10 if (os.Args[i][0:2] == "-s") {

record.Suppress(os.Args[i][2:])

}

}

}


f, err := os.Open("/home/james/Downloads/CppCoreGuidelines.md")

if (err != nil) {

fmt.Println("Source file did not exist or could not be opened")

os.Exit(1)

20 }

scanner := bufio.NewScanner(f)


tester, headingType := factory.CreateTester()


if (len(headingType) > 0) {

headings := MakeHeadings(headingType)

if !headings.IsKnownHeader() {

fmt.Println("Section format must contain a . or be known heading type")

os.Exit(1)

30 }

for scanner.Scan() {

headings.CheckCandidate(scanner.Text())

}

headings.Print()

} else {

inRecord := record.FindEntryBeginning(tester, scanner)

for inRecord {

if scanner.Scan() {

inRecord = record.ProcessNewLine(scanner.Text())

40 } else {

break

}

}

record.Print()

}

f.Close();

}

We can unpick each function or struct in order of appearance.

Line 3:

usage() is a one-line standalone function printed if no argument is given:

func usage() {

fmt.Println("Usage: extractGuideline section-abbreviation|-r [-s<paragraphs to suppress>]*\n\nSection abbreviation may be stem for listing headings")

}

Line 6:

TesterFactory manages the interpretation of the parameters to determine what checks to generate to select the section to be displayed.

Here's its definition:

type TesterFactory struct {

sectionValue string

randValue int

}

It has two associated functions:

func (tf * TesterFactory) SetValue(val string) {

if (val == "-r") {

tf.randValue = rand.Intn(430)

} else {

tf.sectionValue = val

tf.randValue = 0

}

}

(Note that the assignment of 0 to the random value ensures that only one type of tester can be selected for.  That magic number 430 is the number of actual headings that might be selected from.  In a larger application it would be a named constant.)

func (tf TesterFactory) CreateTester() (BeginningTester, string) {

if tf.randValue > 0 {

return &RandomBeginningTester{tf.randValue}, ""

} else if strings.Index(tf.sectionValue, ".") > 0 {

return &SpecificBeginningTester{tf.sectionValue}, ""

} else {

return &NullBeginningTester{}, tf.sectionValue

}

}

We use the abstraction BeginningTester as a return value for the factory

type BeginningTester interface {

MatchesHeader(s string, count int) (bool, int)

}

This returns a bool for the primary question (does this match the rule) plus an integer representing the index into the string at which one wants to start printing -- this is a side-effect of the logic for lookup and it avoids having to determine it all over again.

There are two substantive implementations.  The RandomBeginningTester is defined as:

type RandomBeginningTester struct {

randValue int

}

func (r RandomBeginningTester) MatchesHeader(s string, count int) (bool, int) {

if (count == r.randValue) {

ind := strings.Index(s, "</a>")

if (ind != -1) {

return true, ind + 4

}

}

return false, -1

}

The SpecificBeginningTester is defined as:

type SpecificBeginningTester struct {

val string

}

func (r SpecificBeginningTester) MatchesHeader(s string, count int) (bool, int) {

if matchesPossibleBeginning(s) {

ind := strings.Index(s, "</a>" + r.val +":")

return (ind != -1), ind + 4

} else {

return false, -1

}

}

There is a NullBeginningTester.

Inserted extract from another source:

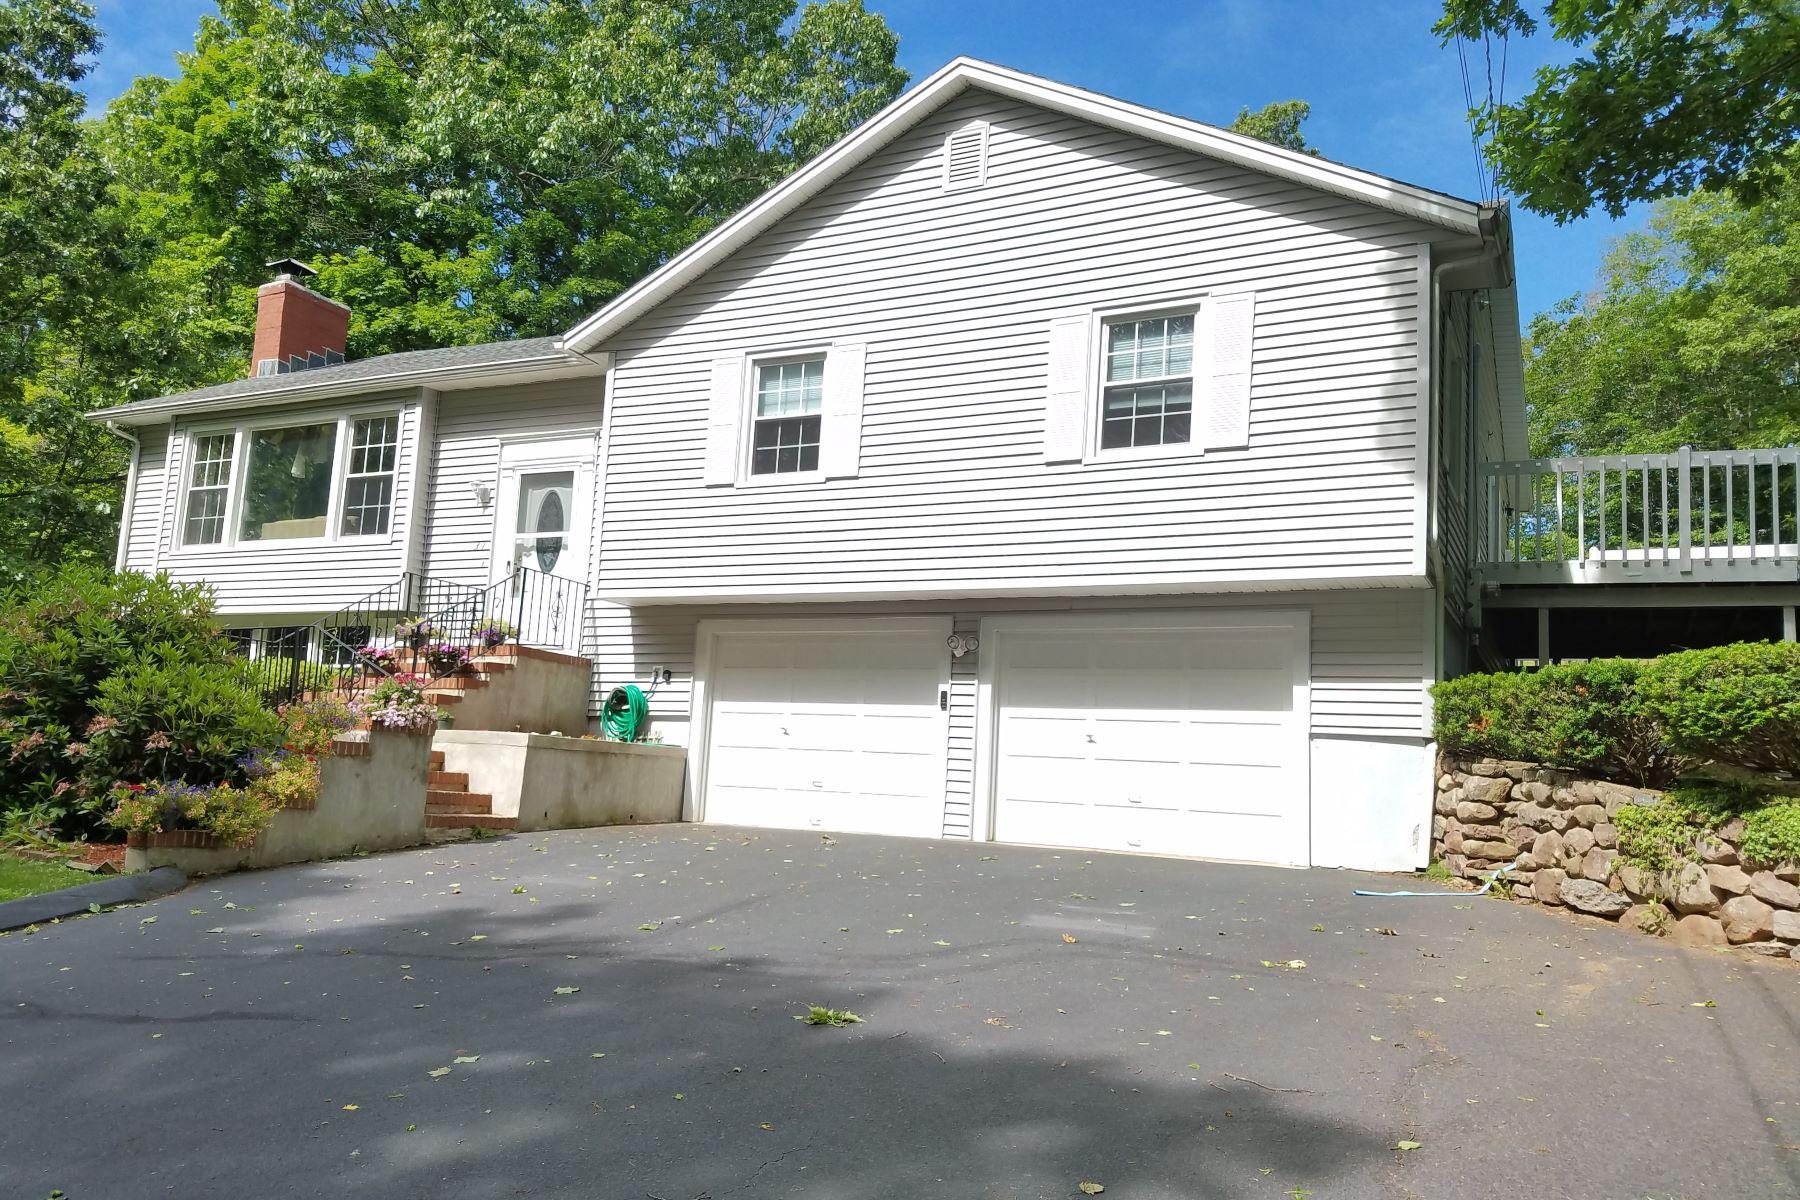 Maison unifamiliale pour l Vente à 31 Mansfield Rd North Haven, Connecticut, 06473 États-Unis

It is never actually used, but it exists to be returned in the event that a list of headings is wanted rather than a single section.

type NullBeginningTester struct {

}

func (r NullBeginningTester) MatchesHeader(s string, count int) (bool, int) {

return false, -1

}

The NullBeginningTester is returned along with a string representing the class of headers looked for (this is determined by checking for the "." which is part of any full specification).  So the calling context (we will get to that) uses the latter value to determine what to do with the factory output.

Line 7:

The PrintableRecord is declared here even though it might not be used (if a list of headings is required) so that it can be referenced during the parsing of arguments.

type PrintableRecord struct {

Title

Sections

}

This is a composite record.

func (pr PrintableRecord) Print() {

if (!pr.Empty()) {

pr.PrintTitle()

pr.PrintBody()

}

}

func (pr * PrintableRecord) FindEntryBeginning(tester BeginningTester, scanner *bufio.Scanner) bool {

inRecord := false

ind := -1

count := 0

flag := scanner.Scan()

for (!inRecord && flag) {

s := scanner.Text()

inRecord, ind = tester.MatchesHeader(s, count)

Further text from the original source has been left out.